==== Information supplied

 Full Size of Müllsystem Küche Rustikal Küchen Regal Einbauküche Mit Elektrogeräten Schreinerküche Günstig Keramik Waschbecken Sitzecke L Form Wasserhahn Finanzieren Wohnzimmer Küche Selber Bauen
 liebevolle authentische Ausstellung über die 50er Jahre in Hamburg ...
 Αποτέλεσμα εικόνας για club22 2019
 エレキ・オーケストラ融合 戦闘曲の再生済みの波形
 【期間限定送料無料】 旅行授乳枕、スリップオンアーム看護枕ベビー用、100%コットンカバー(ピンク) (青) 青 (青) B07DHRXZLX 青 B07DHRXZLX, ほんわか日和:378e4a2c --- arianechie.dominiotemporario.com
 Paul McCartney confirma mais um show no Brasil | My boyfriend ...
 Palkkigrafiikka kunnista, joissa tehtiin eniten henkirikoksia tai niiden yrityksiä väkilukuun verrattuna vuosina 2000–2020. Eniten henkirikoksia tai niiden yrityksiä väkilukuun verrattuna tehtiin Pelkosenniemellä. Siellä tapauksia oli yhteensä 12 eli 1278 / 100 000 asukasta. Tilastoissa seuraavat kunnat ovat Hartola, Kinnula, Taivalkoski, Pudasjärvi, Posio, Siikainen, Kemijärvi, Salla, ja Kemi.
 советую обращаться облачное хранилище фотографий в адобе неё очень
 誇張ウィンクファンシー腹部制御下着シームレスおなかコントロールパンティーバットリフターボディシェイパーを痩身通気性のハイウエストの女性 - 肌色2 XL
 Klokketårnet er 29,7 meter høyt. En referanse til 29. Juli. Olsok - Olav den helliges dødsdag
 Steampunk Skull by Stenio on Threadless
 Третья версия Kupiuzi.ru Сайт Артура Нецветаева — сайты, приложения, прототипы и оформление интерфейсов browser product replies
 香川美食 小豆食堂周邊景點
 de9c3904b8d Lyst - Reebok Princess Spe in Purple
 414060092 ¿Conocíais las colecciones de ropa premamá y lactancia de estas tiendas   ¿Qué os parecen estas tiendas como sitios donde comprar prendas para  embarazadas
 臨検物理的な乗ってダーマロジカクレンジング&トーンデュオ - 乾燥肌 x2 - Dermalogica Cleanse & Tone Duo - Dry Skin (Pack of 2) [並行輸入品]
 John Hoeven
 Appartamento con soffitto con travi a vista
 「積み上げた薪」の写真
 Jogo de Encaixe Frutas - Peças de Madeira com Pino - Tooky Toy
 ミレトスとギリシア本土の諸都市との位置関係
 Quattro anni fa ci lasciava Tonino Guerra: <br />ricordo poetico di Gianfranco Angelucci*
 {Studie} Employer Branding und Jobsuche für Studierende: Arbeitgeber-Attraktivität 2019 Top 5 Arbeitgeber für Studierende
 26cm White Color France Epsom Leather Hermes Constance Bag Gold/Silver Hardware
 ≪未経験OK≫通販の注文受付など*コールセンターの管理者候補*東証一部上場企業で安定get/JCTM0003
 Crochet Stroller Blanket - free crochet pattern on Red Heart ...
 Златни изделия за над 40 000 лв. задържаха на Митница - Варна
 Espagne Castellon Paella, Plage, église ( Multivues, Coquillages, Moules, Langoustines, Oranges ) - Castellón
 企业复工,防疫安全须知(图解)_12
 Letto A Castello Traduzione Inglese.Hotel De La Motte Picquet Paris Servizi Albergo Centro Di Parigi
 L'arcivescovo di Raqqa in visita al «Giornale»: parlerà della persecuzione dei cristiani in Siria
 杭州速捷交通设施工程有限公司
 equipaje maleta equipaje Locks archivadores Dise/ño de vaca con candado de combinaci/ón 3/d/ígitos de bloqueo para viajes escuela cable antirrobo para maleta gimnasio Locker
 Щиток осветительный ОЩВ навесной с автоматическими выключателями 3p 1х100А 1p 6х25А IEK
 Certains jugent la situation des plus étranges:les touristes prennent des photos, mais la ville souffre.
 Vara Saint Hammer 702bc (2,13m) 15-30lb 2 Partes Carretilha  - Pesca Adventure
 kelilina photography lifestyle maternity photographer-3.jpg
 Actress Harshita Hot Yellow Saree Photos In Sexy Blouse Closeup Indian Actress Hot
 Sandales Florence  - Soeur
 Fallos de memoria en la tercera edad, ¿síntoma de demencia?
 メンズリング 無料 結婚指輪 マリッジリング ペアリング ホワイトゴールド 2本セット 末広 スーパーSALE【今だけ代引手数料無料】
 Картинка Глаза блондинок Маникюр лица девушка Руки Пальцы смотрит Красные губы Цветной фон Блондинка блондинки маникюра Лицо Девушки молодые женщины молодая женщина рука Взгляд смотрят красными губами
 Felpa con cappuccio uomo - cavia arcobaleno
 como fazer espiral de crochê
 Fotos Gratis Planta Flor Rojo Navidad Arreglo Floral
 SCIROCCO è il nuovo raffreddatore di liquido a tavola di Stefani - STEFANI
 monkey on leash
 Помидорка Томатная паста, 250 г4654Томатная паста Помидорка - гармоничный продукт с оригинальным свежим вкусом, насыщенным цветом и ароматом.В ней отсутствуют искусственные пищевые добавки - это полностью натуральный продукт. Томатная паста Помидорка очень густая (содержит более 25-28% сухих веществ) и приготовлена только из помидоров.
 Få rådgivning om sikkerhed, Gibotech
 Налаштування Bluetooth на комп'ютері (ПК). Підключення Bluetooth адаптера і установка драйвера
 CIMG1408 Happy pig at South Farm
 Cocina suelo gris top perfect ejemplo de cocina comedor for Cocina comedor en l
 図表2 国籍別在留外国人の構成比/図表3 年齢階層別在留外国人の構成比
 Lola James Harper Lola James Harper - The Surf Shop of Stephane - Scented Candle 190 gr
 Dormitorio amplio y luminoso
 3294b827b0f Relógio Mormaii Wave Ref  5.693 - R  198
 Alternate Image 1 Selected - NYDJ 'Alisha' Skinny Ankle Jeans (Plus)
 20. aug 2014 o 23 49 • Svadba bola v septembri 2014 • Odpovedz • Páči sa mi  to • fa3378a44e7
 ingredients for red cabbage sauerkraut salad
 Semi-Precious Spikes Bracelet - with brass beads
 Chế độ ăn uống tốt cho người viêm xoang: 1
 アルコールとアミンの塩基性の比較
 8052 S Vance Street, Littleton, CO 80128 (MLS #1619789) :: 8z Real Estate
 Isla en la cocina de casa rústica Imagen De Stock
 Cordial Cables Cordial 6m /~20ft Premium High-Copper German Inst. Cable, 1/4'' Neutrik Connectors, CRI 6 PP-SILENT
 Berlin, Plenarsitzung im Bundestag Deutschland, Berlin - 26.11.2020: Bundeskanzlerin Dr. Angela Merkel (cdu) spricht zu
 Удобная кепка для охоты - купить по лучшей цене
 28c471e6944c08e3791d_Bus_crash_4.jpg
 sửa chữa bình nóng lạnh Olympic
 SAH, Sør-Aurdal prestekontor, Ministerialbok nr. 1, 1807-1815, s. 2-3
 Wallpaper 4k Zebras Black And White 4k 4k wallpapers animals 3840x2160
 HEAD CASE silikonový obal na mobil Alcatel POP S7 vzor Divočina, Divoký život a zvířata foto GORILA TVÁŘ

========

What to work on: From the records above, repeat exactly the lines from the one with "Третья версия Kupiuzi.ru" through the one with "de9c3904b8d Lyst - Reebok", both included.

Problem solution:
 Третья версия Kupiuzi.ru Сайт Артура Нецветаева — сайты, приложения, прототипы и оформление интерфейсов browser product replies
 香川美食 小豆食堂周邊景點
 de9c3904b8d Lyst - Reebok Princess Spe in Purple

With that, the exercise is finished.